A happier annual budgeting process

Photo by John Peters on Unsplash

When I had more junior finance roles in larger organisations, I often found the annual budgeting process to be somewhere between traumatic and soul-destroying. Week after week of meetings and emails and multiple versions of clunky spreadsheets.

So when I became a Finance Director, I thought long and hard about what made organisational budgeting so awful. I then identified four key components of a happier budgeting process;

  • alignment
  • training
  • tools
  • trust

This post explores these further.

I should also add that I don’t think one annual budgeting process is optimal in most organisations. I much prefer a rolling forecast approach. However, the principles in this post apply however (in)frequently you carry out a budgeting or forecasting exercise.

Alignment

An organisation’s budget should align with its strategy, and there should be a common understanding of the aim of the budget from the board down to budget manager level.
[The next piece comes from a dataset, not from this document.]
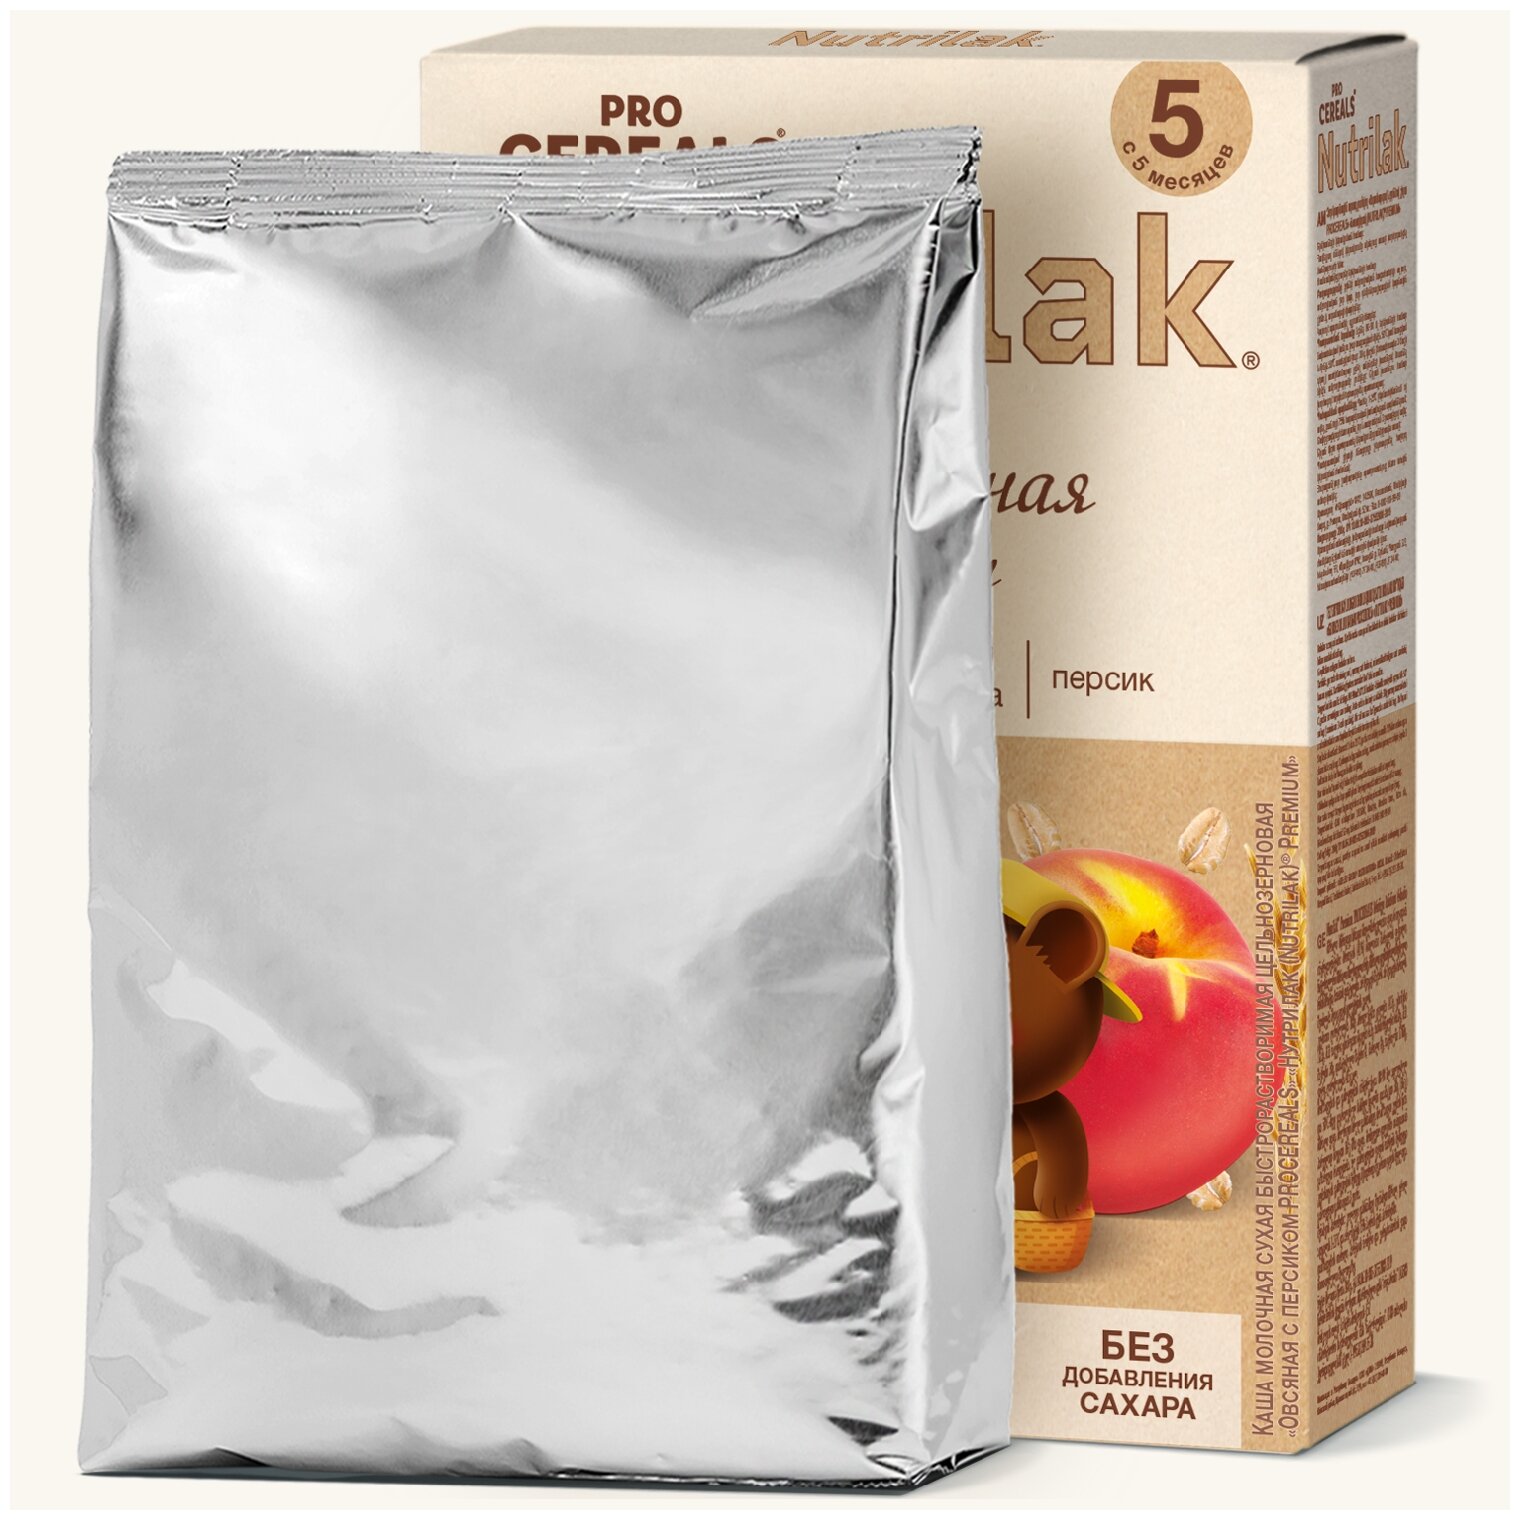 Каша овсяная с персиком Nutrilak Premium Pro Cereals цельнозерновая молочная, 200гр - фото №8

This needs to be thrashed out at the start before you begin any budgeting conversations. What does the organisation’s budget need to look like and why? If you’re a not-for-profit organisation, why are you trying to set a surplus budget? Should delivering the surplus take priority over delivering your charitable objectives?
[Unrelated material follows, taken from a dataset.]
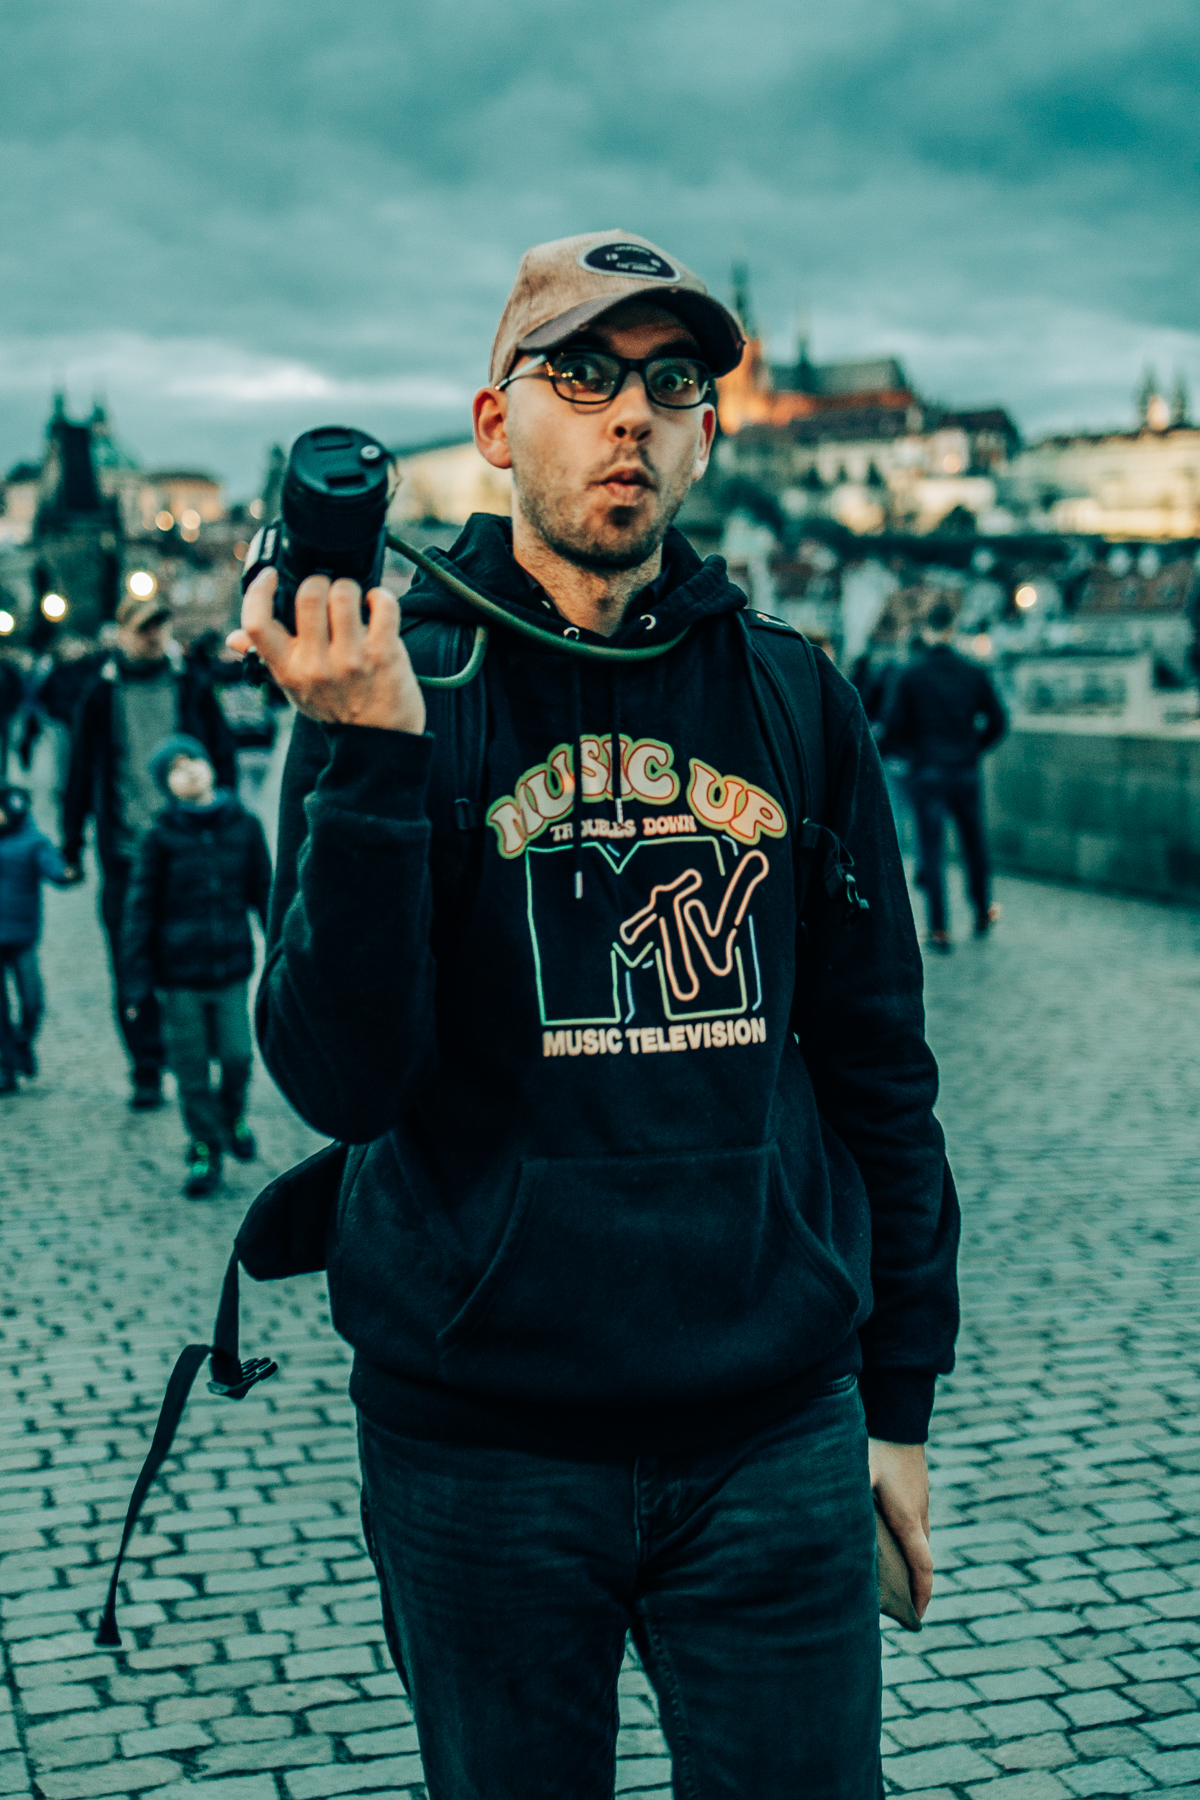 Lumix S5 35 50mm Festbrennweiten Prag 1 - Fotoausrüstung für die Reisefotografie: Meine Tipps für leichtes Gepäck

I always try to have a workshop with all budget managers prior to the budget that explains what the board want to achieve, and where this currently sits in relation to previous budgets and current spending.

Train budget holders

Most people never receive any formal training in budget setting or budget management. It’s just something that they’re expected to learn by osmosis once they get to a certain level of management.
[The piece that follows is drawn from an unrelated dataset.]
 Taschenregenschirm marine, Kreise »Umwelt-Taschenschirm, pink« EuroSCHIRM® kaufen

And while the principles of budget setting seem simple (work out what you want to do and how much it’s going to cost), the language used to describe aspects of it vary from organisation to organisation. I have seen people use “actuals” where I would say “forecast”, for example, which caused huge confusion. I have also seen at least three different definitions of “on-costs”.

Therefore, when I have a session with budget managers to explain the aims and context of this year’s budget, I also explain the organisation’s planning and forecasting cycle. I provide guidance about budget terminology, and I also explain any tools that I want them to use. I tell them that members of the finance team will be there to support them all the way.

It’s also helpful to share my accuracy threshold. In a £10m budget, I’m unlikely to care if a budget holder is £300 overspent at year end. However, budget holders can and do worry about this level of detail unless you give them permission not to.

Use the right tools

In a large organisation, you might have access to specialist budgeting tools. These can take the work out of an annual budgeting process, for example by allowing you to manipulate current data or try out some different scenarios. That’s the theory anyway.

In most places, Excel remains king for the annual budgeting process. However, there is Excel and there is Excel. Finance teams often design budget templates to make the consolidation of budgets easier for them, rather than to make preparation easier for budget managers.

It’s entirely possible to achieve both ends with the same template, but it takes a bit more planning and Excel knowledge. For example, if you learn some basic Power Query, you will be able to amalgamate budget templates much more easily, even if they’re in unusual formats, so you have more scope to make the templates understandable for budget holders to complete.

You should also aim to standardise any calculations that you can and use central assumptions if possible.

For example, you should have headcount calculations in the budget holder template, linked to an overall pay structure. Budget holders can see the impact of changing headcount assumptions, and finance can quickly amend multiple budgets for bulk changes to salary, eg National Insurance rates changing, or annual pay increases.

If this sounds like a lot of work for finance, that’s as it should be. It’s much more efficient for finance to do this in bulk for everyone than every individual budget holder attempt their own version. Finance should be doing the legwork upfront, so that budget holders can translate their thinking into a budget as quickly and easily as possible. However, if you design everything well, you can use it again and again in the future.

Trust is a must

Many organisations are trapped in what I call “the vicious budgeting circle”. Budgeting takes a long time and is fraught because there is a lack of trust between budget holders and finance, or between junior staff and senior staff. Budget holders prepare budgets with lots of contingencies, because they think that finance or their managers will cut their budgets. This results in over-estimation across the organisation, so the management team have to tell everyone to cut their budgets. All of this drags out over months, with trust and goodwill eroding at every stage.

In order to break this, budget holders need to trust that finance is there to support them. And finance need to trust that budget holders know best how to translate the organisation’s goals into budgets.

How do you establish that mutual trust? Having clear alignment across the organisation about budgeting goals is part of this. Another key factor is finance and the senior management team dealing with overspends in a supportive rather than penalising way. If you want budget holders not to pad their budgets, they need to trust that finance and/or their manager has got their backs if they do overspend. Finally, you need to ensure that your appraisal system rewards budget managers for accuracy and honesty throughout the year.